We intend to improve and develop techniques for the reconstruction of complex networks from multidimensional climatological data. For this there are important methodological problems to solve because observations from the Earth system are typically rather short, noisy, and far from being stationary.

We propose to develop a framework for studying interacting networks. It will consist of various well- defined models of network interactions, new tools for characterisation and classification of coupled networks, simulation and numerical methods, as well as analytical tools based on percolation theory and generating functions for studying the robustness of interacting networks.
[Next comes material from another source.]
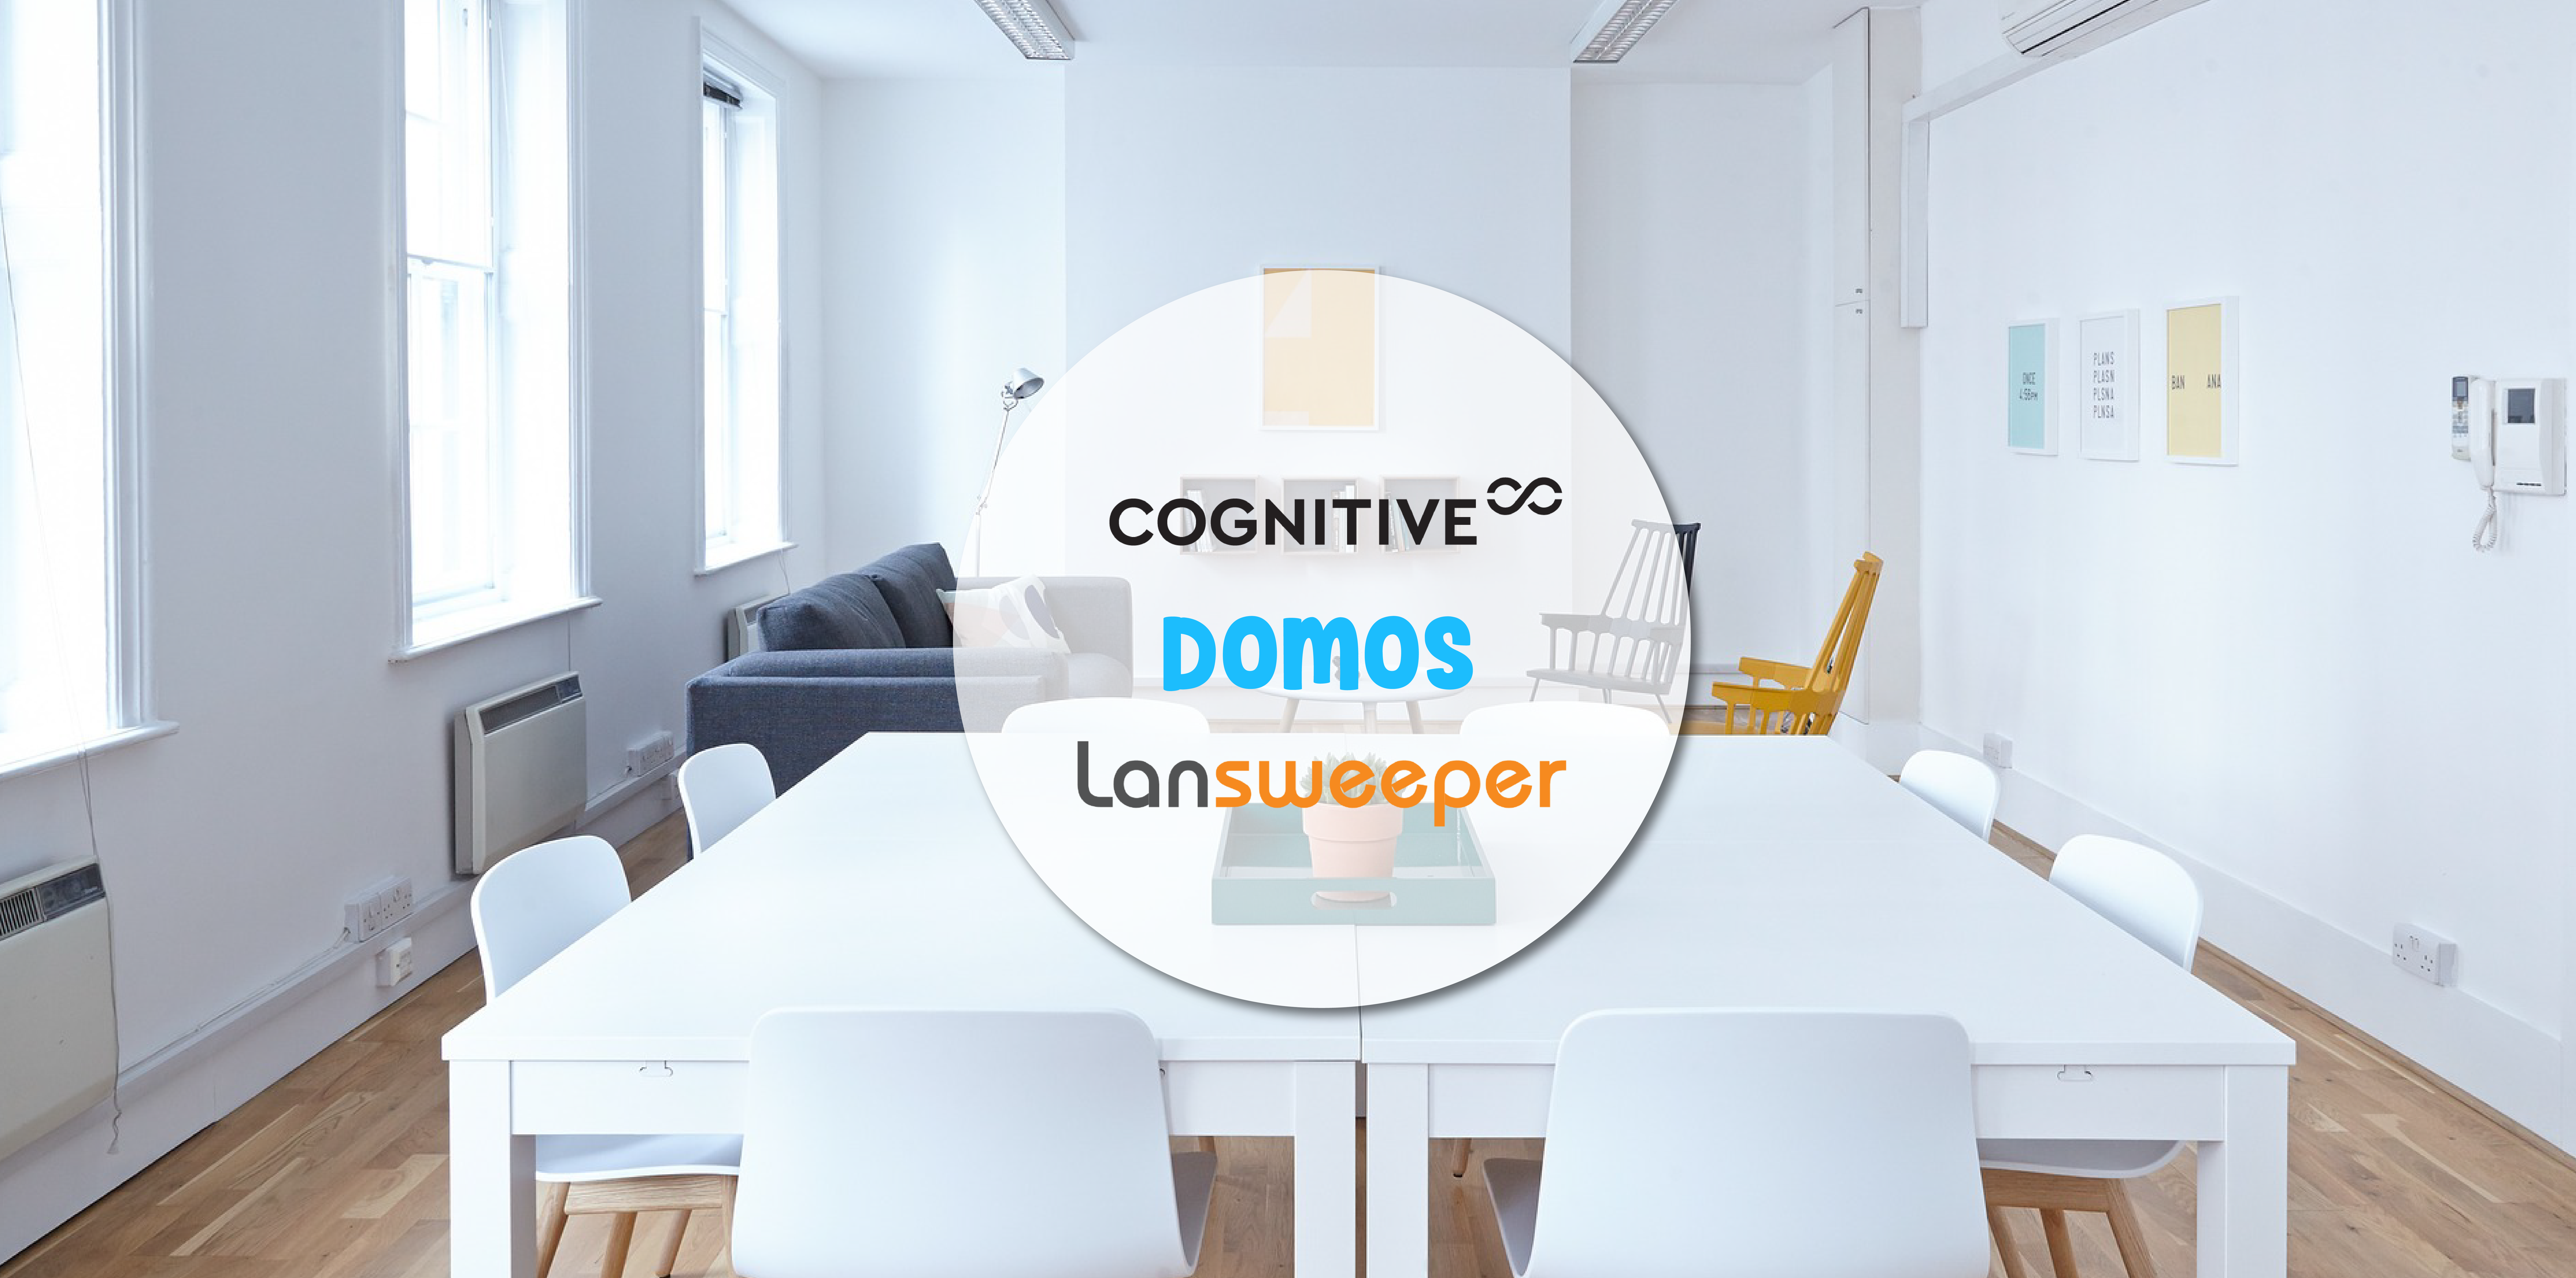 Lansweeper, Domos and Cognitive Systems logos overlay a conference room
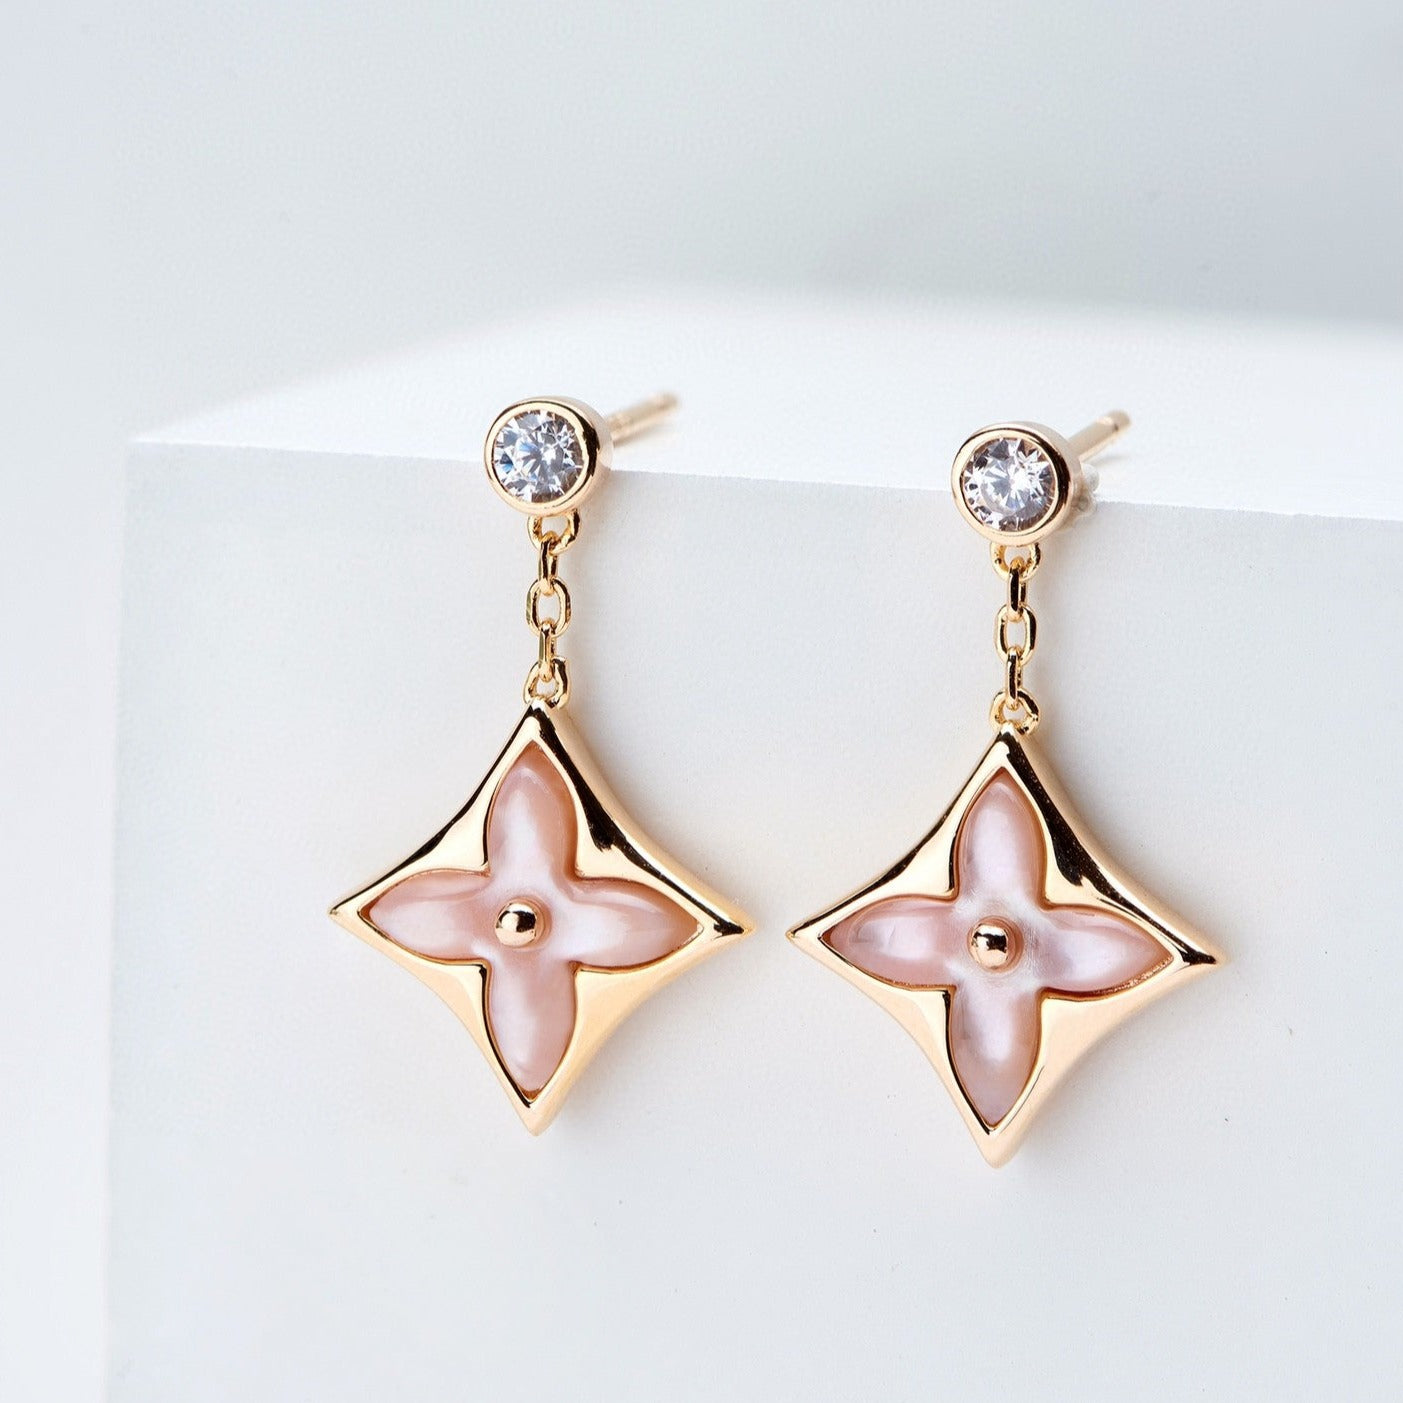 Color Blossom BB Star Ear Studs, Pink gold, pink Mother of pearl

We aim to establish a theory that connects changes in network properties to specific physical processes of climate variability on interannual-to-interdecadal time scales. An important issue in this part of LINC will therefore be to connect network characteristics and measures (e.g. closeness centrality, betweenness centrality) to specific physical processes, which provides coupling between WP3 and WP1). 

In LINC we will use the huge CMIP5 data base together with stand-alone atmospheric GCMs to study mechanisms of atmospheric teleconnection and climate variability on inter-annual to inter-decadal time scales. 

An important topic in which the innovative introduction of network thinking in climatology can have important rewards is in the characterization of regime transitions in the climate systems. Methodologies to detect regime shifts in past time series have been developed, both in the climatic context and beyond.